🤖 AI Summary
This work addresses the high computational and memory costs incurred by vision-language models when processing long visual token sequences. Existing pruning methods, which rely on local heuristics, often suffer from positional bias and fragmented information retention, making it difficult to preserve critical semantics under high compression ratios. To overcome these limitations, the authors propose a training-free, plug-and-play pruning approach that introduces singular value decomposition (SVD) into visual token selection for the first time.
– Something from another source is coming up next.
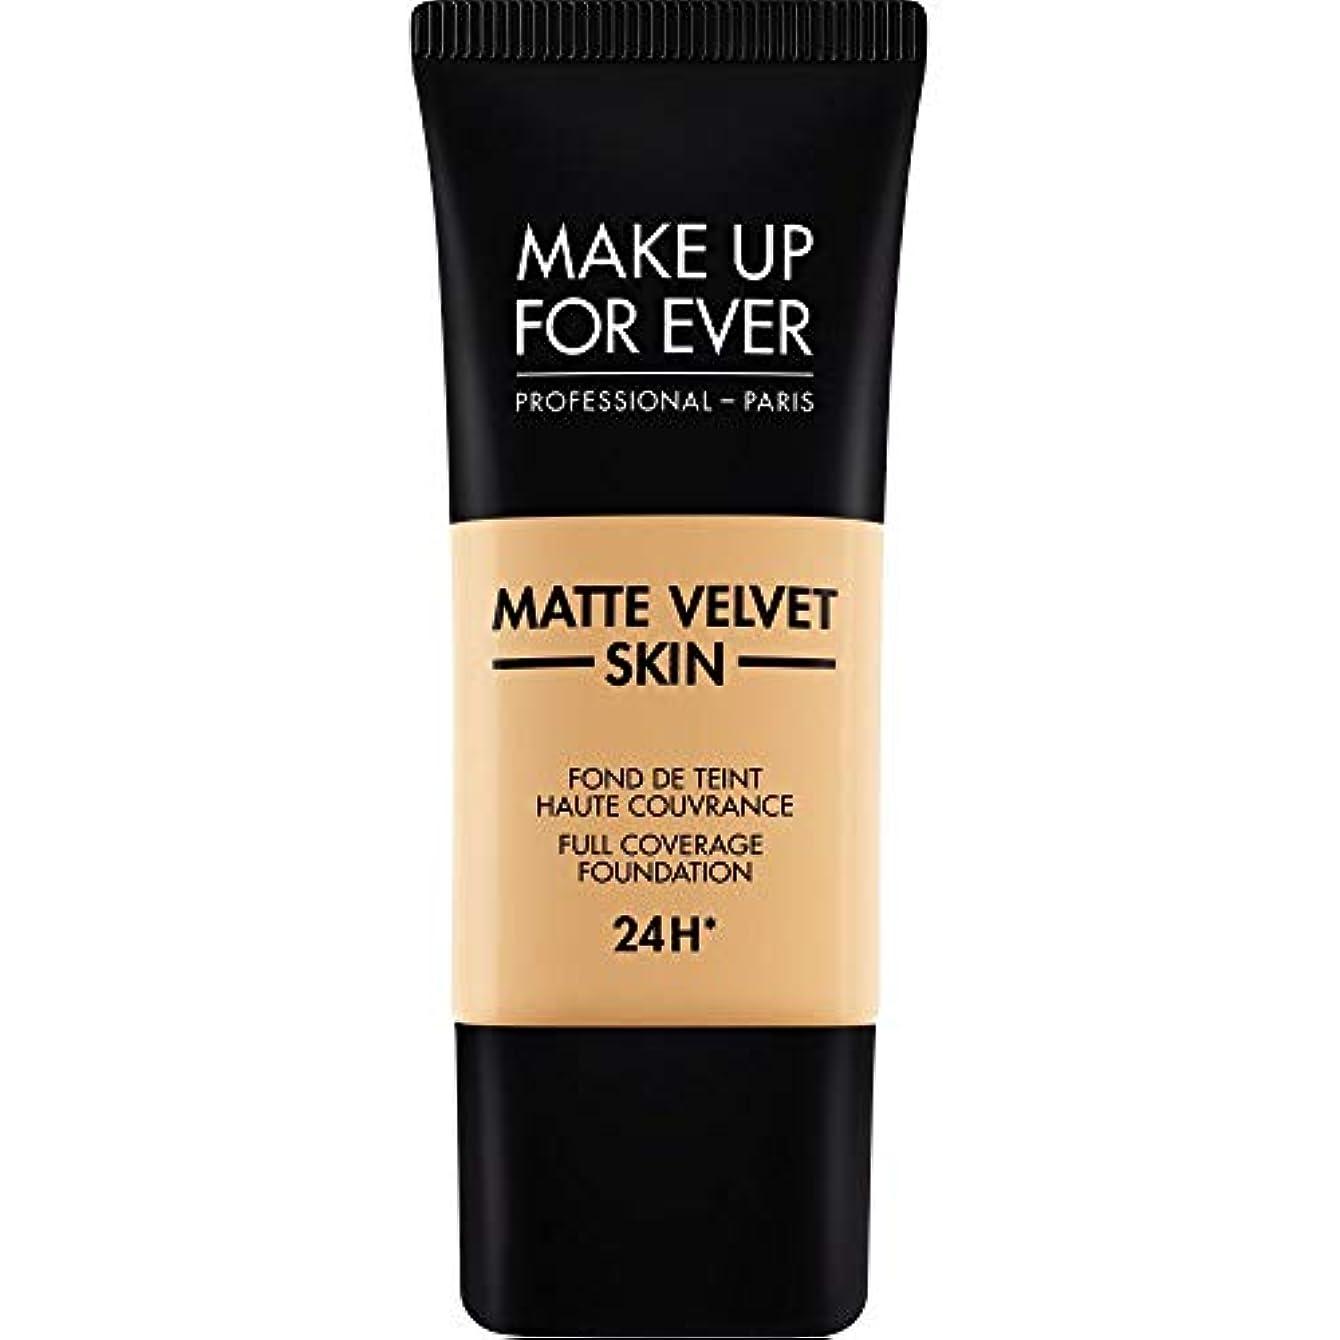 迅速マネージャー洋服[MAKE UP FOR EVER ] ナチュラルベージュ - これまでマットベルベットの皮膚のフルカバレッジ基礎30ミリリットルのY345を補います - MAKE UP FOR EVER Matte Velvet Skin Full Coverage Foundation 30ml Y345 - Natural Beige [並行輸入品]
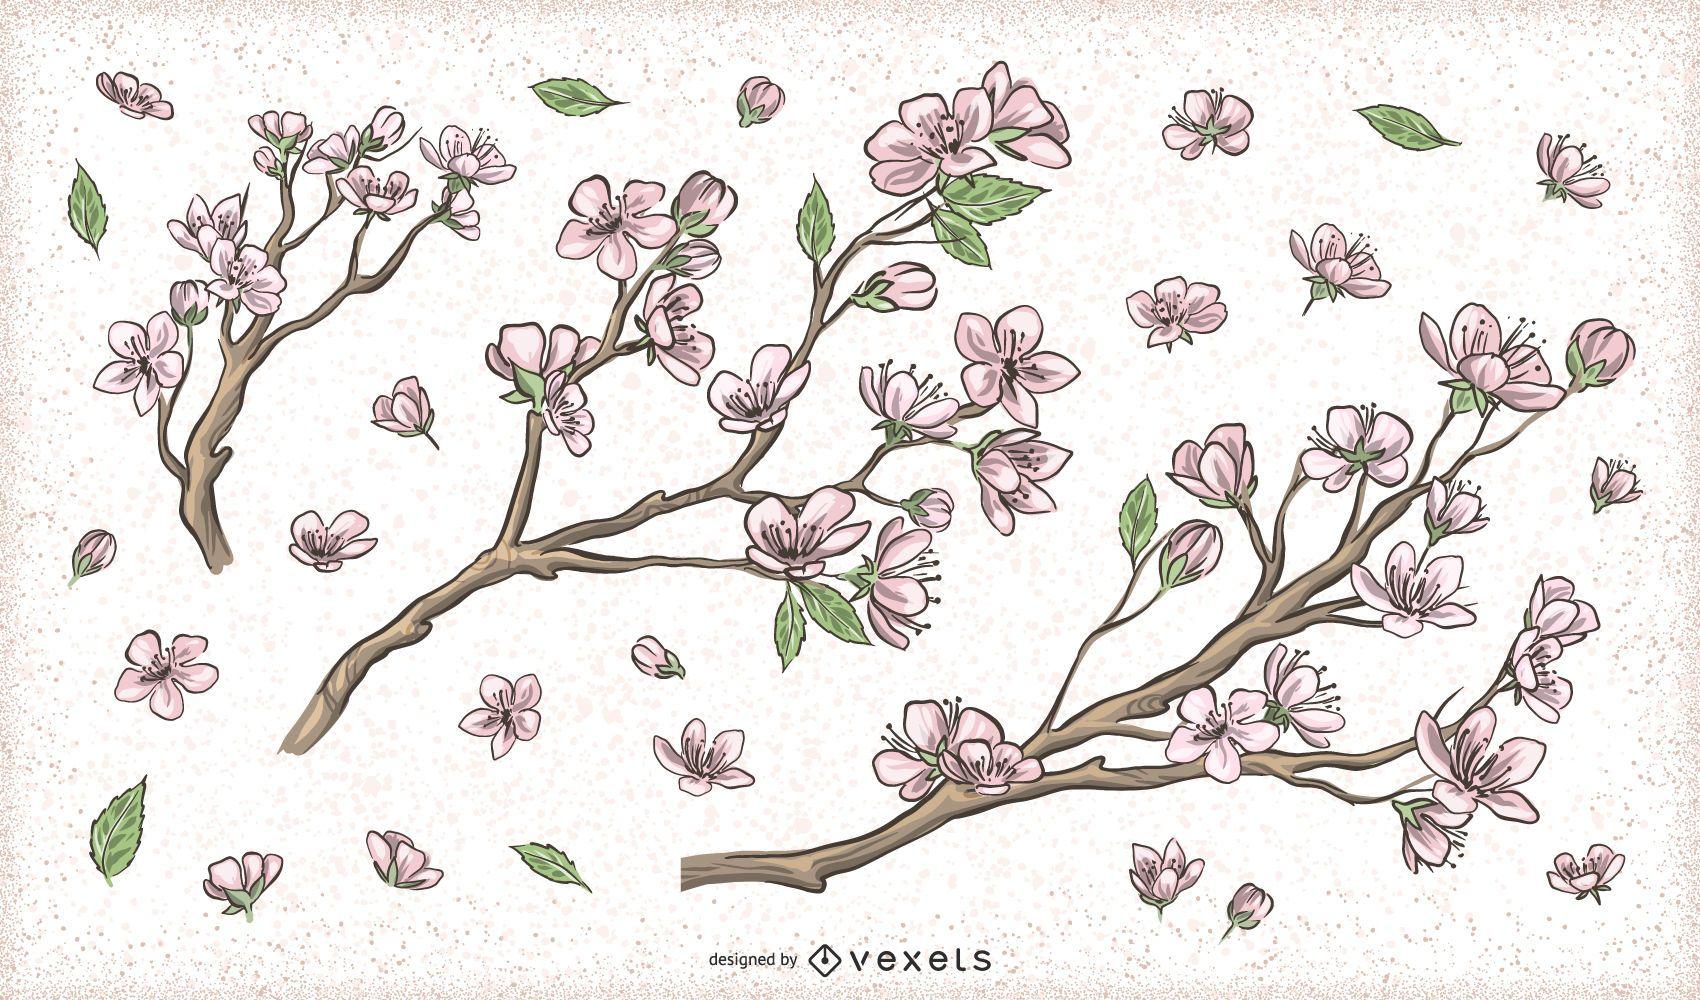 Diseños de rama de árbol de flor de cerezo

By leveraging statistical leverage scores, the method identifies the top-K tokens that contribute most significantly to the global principal components. This strategy effectively circumvents the shortcomings of local heuristics and achieves substantial performance gains over existing techniques—even under extreme compression settings retaining only 16 or 32 tokens—while maintaining strong model performance on detail-rich images.
📝 Abstract
Vision-Language Models (VLM) have revolutionized multimodal learning by jointly processing visual and textual information. Yet, they face significant challenges due to the high computational and memory demands of processing long sequences of vision tokens. Many existing methods rely on local heuristics, such as attention scores or token norms. However, these criteria suffer from positional bias and information dispersion, limiting their ability to preserve essential content at high pruning ratios and leading to performance degradation on visually detailed images. To address these issues, we propose SVD-Prune, a trainingfree, plug-and-play token pruning method based on Singular Value Decomposition. It decomposes the vision token feature matrix and selects the top-K tokens using statistical leverage scores, ensuring only tokens contributing most to the dominant global variance are preserved. Experiments show that SVD-Prune consistently outperforms prior pruning methods under extreme vision token budgets, maintaining strong performance even with 32 and 16 vision tokens.